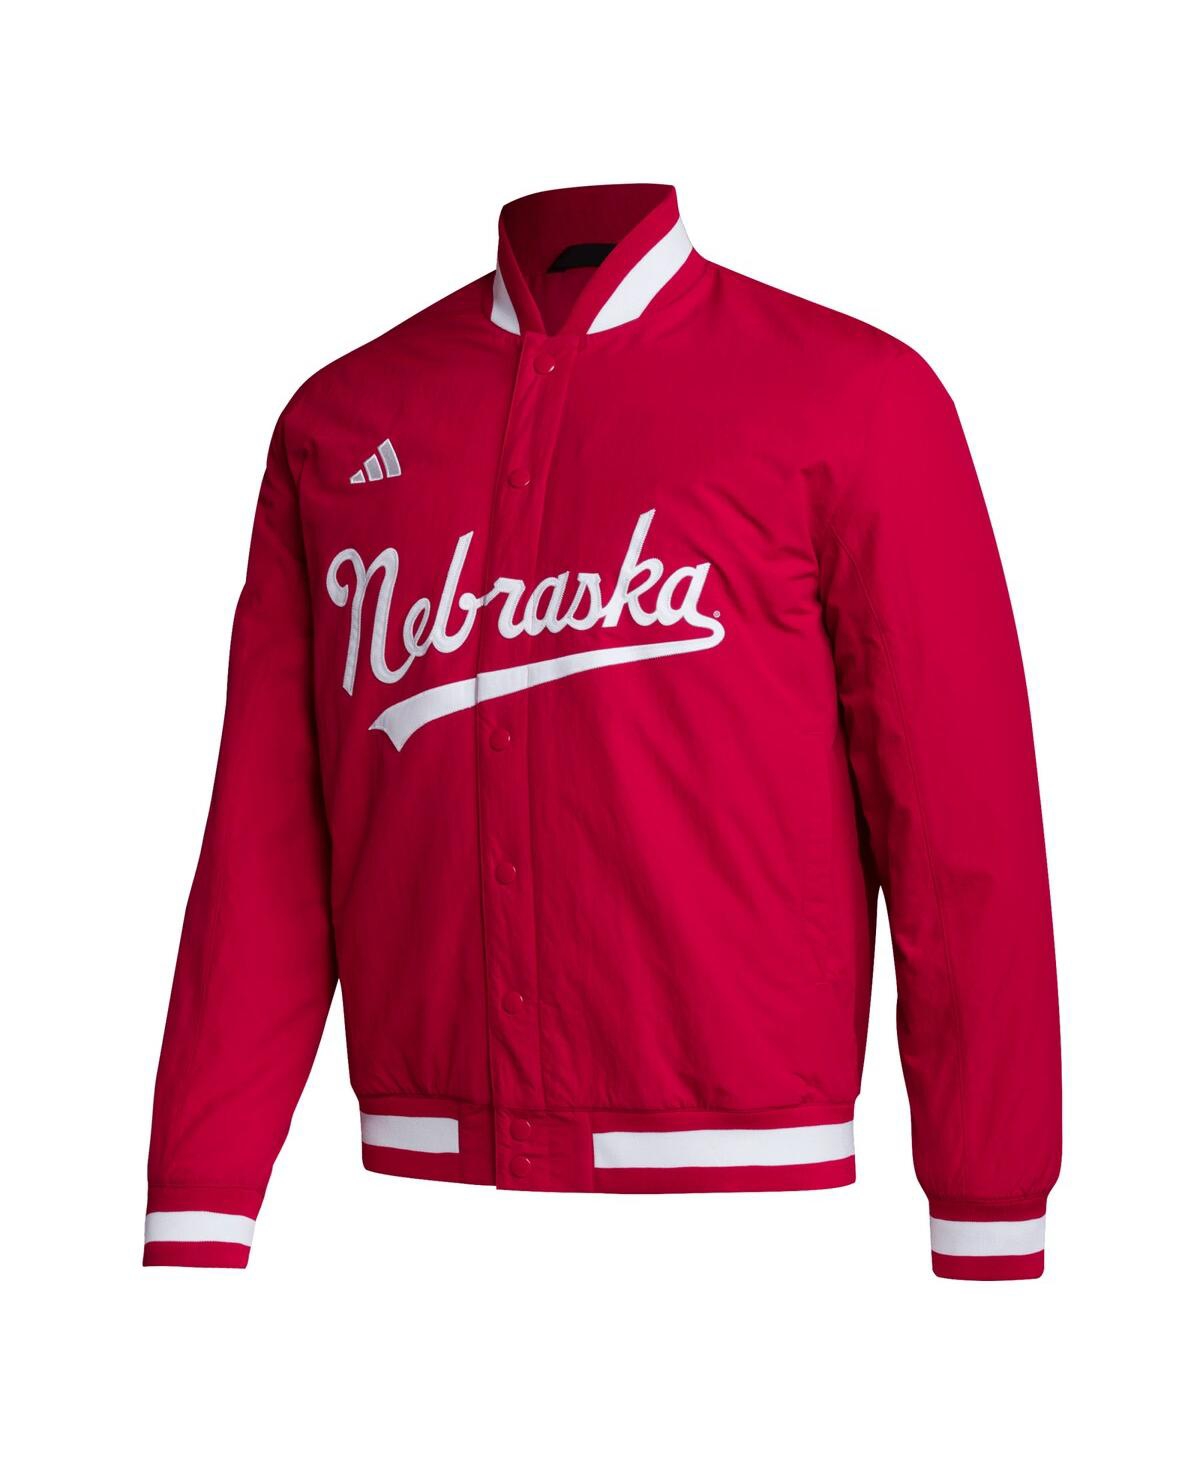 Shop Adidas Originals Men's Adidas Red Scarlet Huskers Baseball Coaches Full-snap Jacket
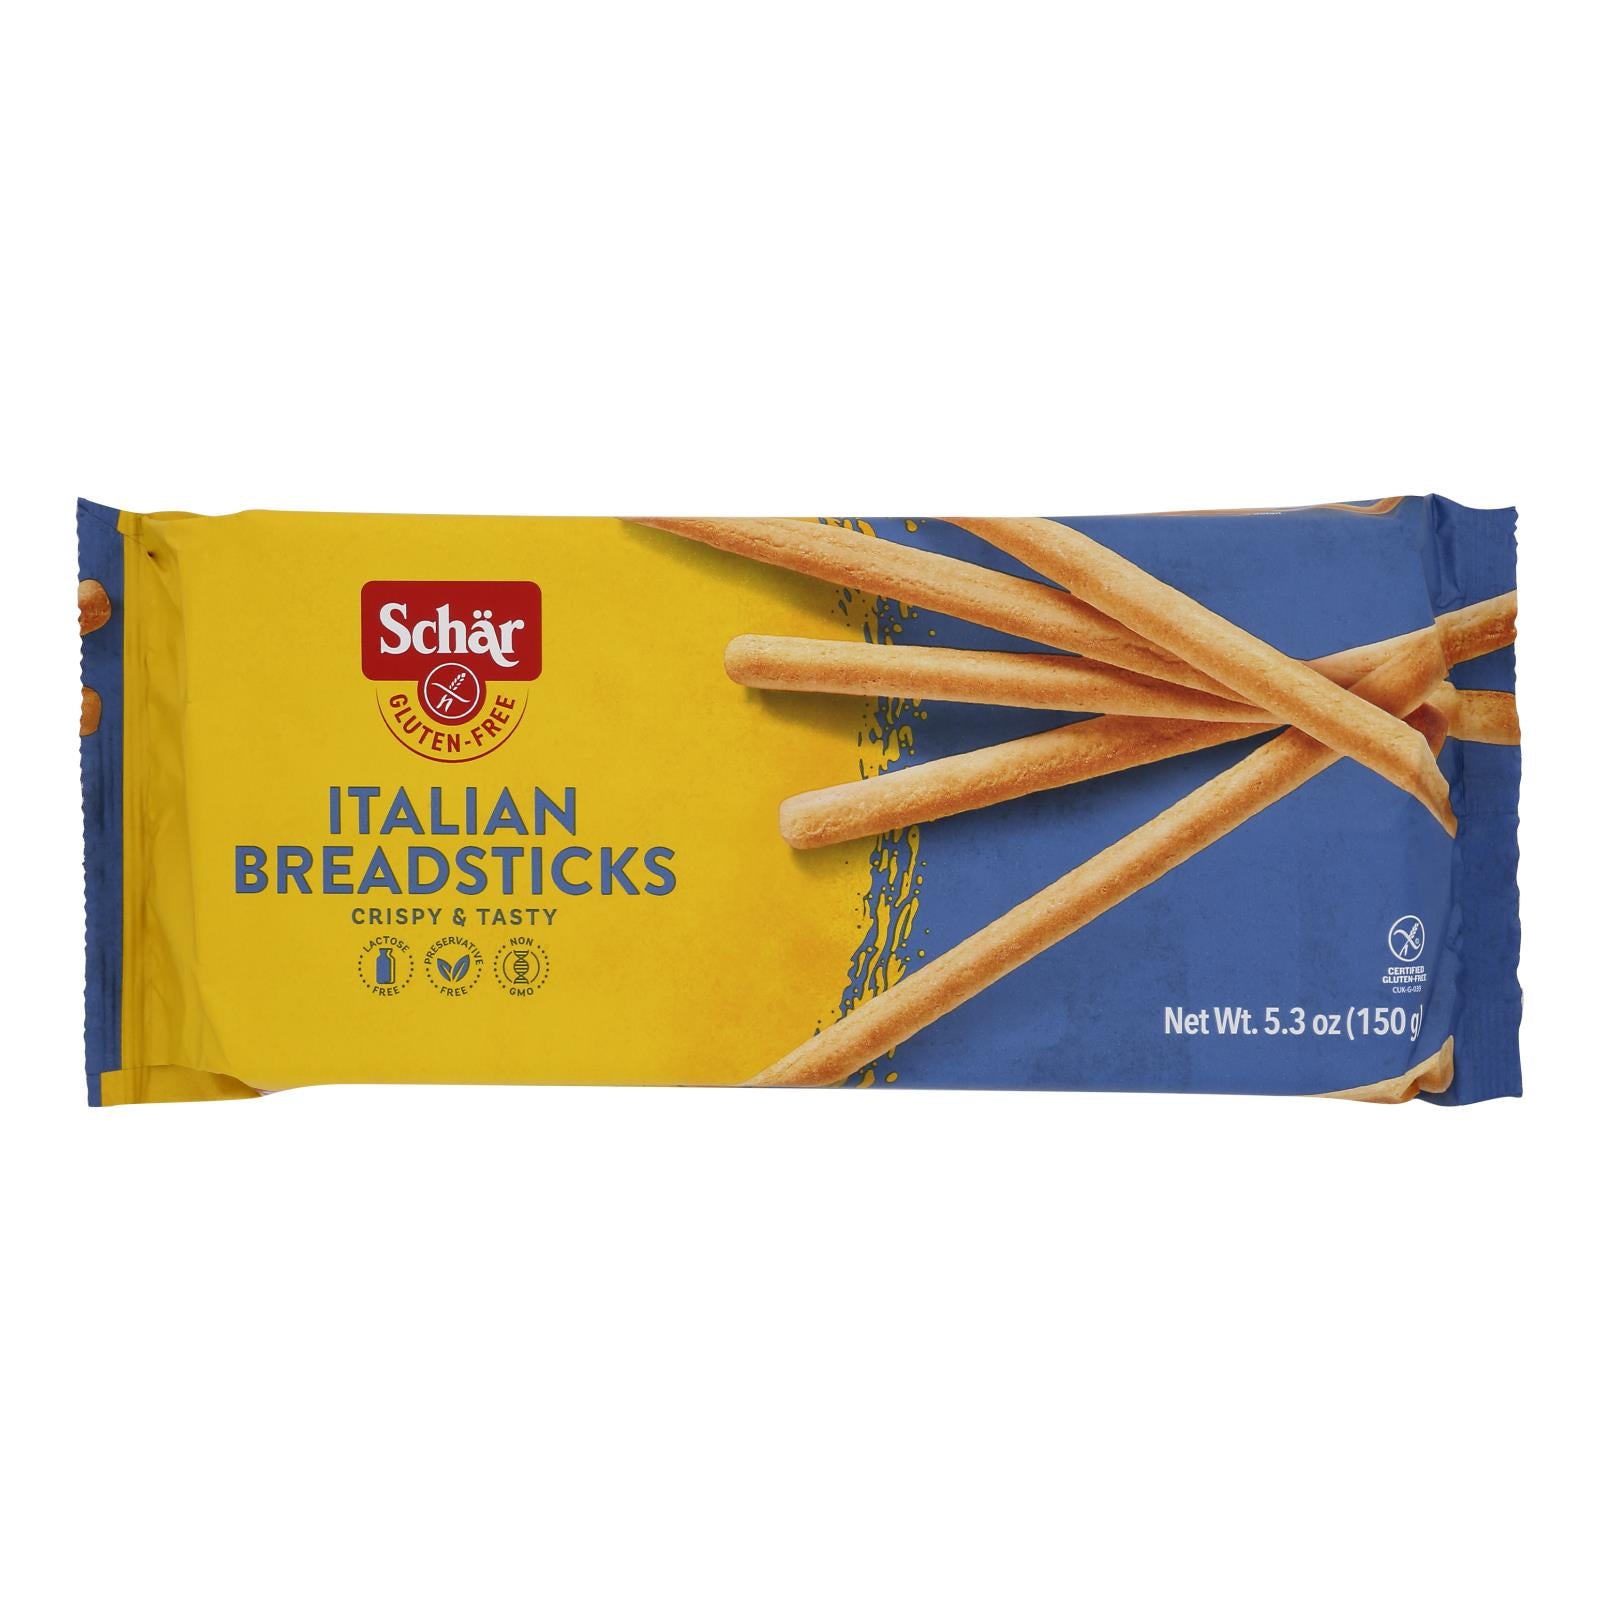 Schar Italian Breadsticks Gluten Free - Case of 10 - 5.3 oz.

______________________________

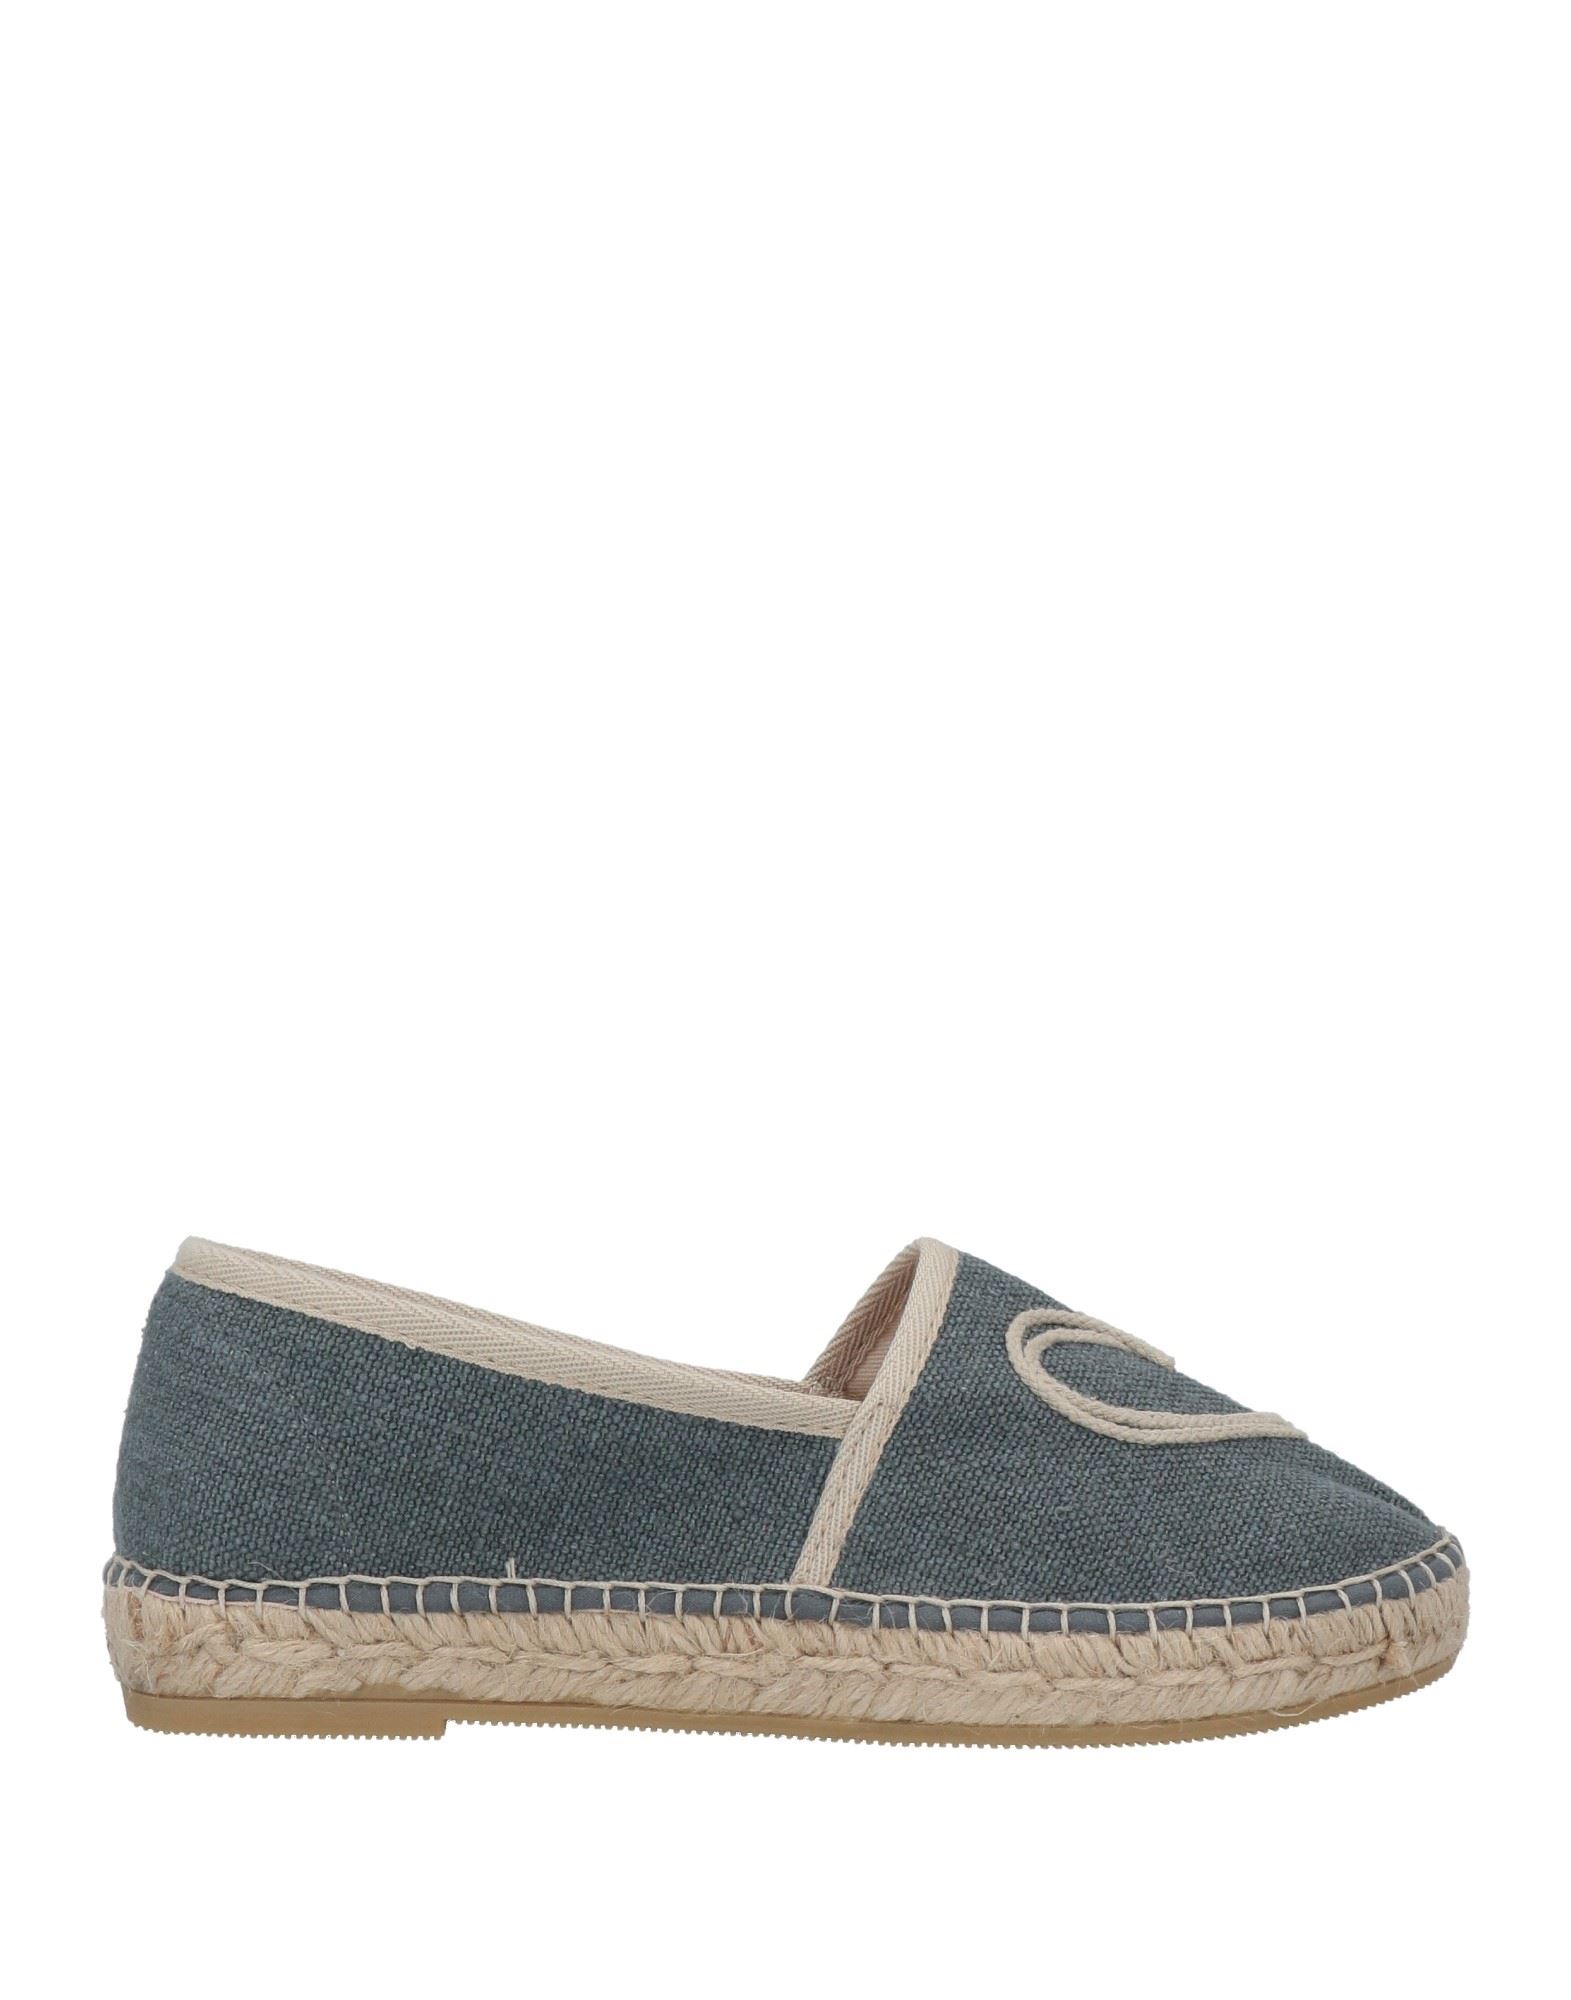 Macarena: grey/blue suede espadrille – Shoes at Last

______________________________

▶ **Exercise instructions**: Please transcribe exactly the part of the records that opens with the line containing "Shop Adidas Originals" and closes with the line containing "Schar Italian Breadsticks", both ends included, and leave out the pictures.

▶ **Response box**:
 Shop Adidas Originals Men's Adidas Red Scarlet Huskers Baseball Coaches Full-snap Jacket
 Schar Italian Breadsticks Gluten Free - Case of 10 - 5.3 oz.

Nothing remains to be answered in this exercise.